Both in China and in the West, much work has been done in the past to examine visual representations of the Qing empire produced during the Qing dynasty, such as the Imperial Illustrations of Tributaries (Zhigong tu), various albums, and Western- style Chinese atlases. However, until Hostetler authored Qing Colonial Enterprise: Ethnography and Cartography in Early Modern China, none of this research had taken advantage of such materials to provide a new approach for addressing the issue of whether the paradigm of “the early modern” applies to Qing China, an important question still bothering Qing historians and discussed mainly in terms of economic and social change.

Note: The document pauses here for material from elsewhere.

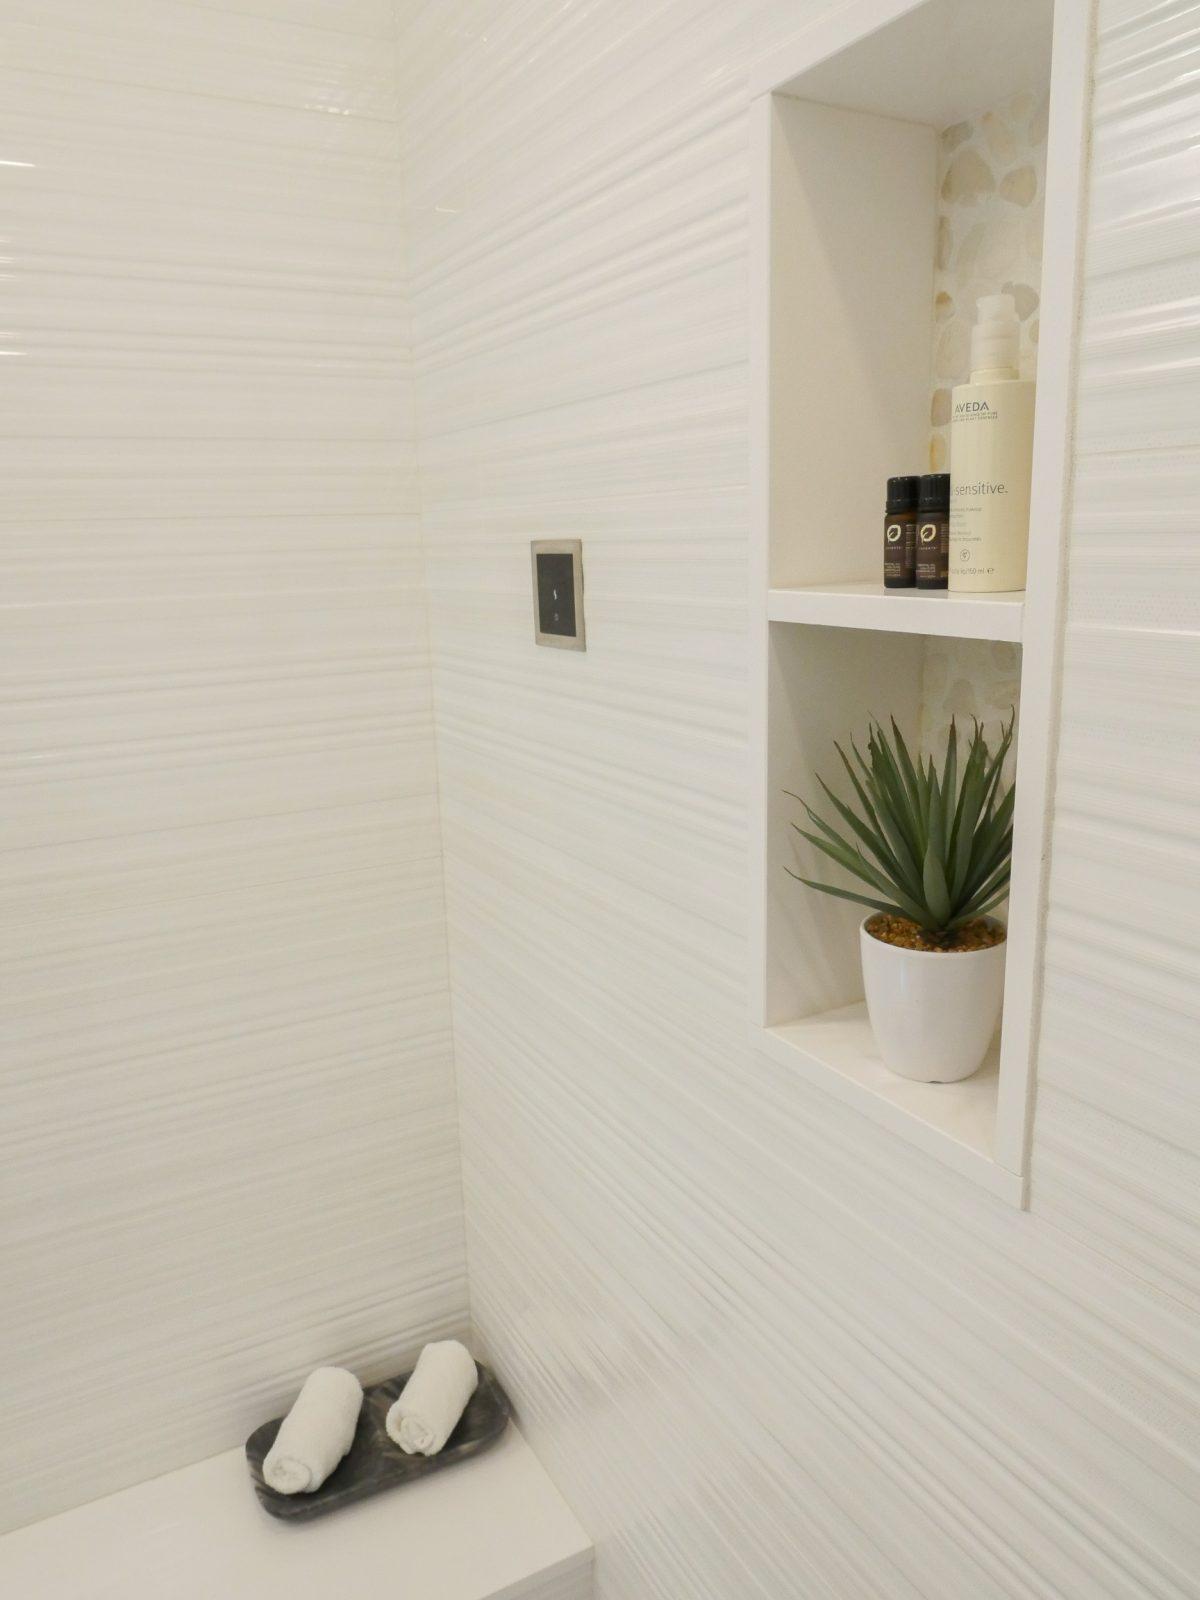 2017.03.31-Bathrooms-021

The latest conception of “early modern” extends its scope to include change not only at the social and economic level, but also in the cultural realm, especially “momentous changes in conceptions of space and thus cartography” and “the emergence of significant new empirical ethnography” (p. 1). Inspired by this received paradigm and on the basis of newly assessed visual materials depicting non-Han people, Hostetler reconsiders the applicability of the “early modern” model to Qing China by examining how Manchu rulers utilized cartography and ethnography for their colonization of Guizhou, a non-Han province in southwest China during the seventeenth and eighteenth centuries. Hostetler argues that, in this case, Manchu cartography and ethnography not only moved away from traditional practices, they also displayed two trends similar to their early modern Western counterparts: direct observation and exacting measurement.

Besides an introduction and a conclusion, Hostetler’s work consists of seven chapters and features fifteen colorful pictures, most of which are from Miao albums made in the eighteenth century. The first three chapters deal with the Qing use of cartographical knowledge and techniques introduced by the Jesuits, while the remaining four chapters focus on Qing ethnography. Chapter 1 briefly outlines the Manchu strategy for ruling Han and non-Han people, examines how the Kangxi emperor understood the complicated international situations facing his empire, and discusses the political meaning of Imperial Illustrations of Tributaries (Zhigong tu), that is, as “a claim to universality.” In her opening chapter, the author uses Antoine Gaubil’s archives preserved in his letters from Beijing and previously unexamined by scholars to discuss Kangxi’s views on the Western world, advancing our understanding of Qing relations with the outside world, especially connections with Western countries. Also, her analysis of two edicts issued by the Qianlong emperor on making illustration of non-Han people is fascinating. Hostetler’s detailed exploration of [End Page 106] these edicts clarifies for the reader issues that were all once mysterious, such as the desires and goals of the emperor for the project, the political nature of these illustrations, and the concrete process of carrying them out.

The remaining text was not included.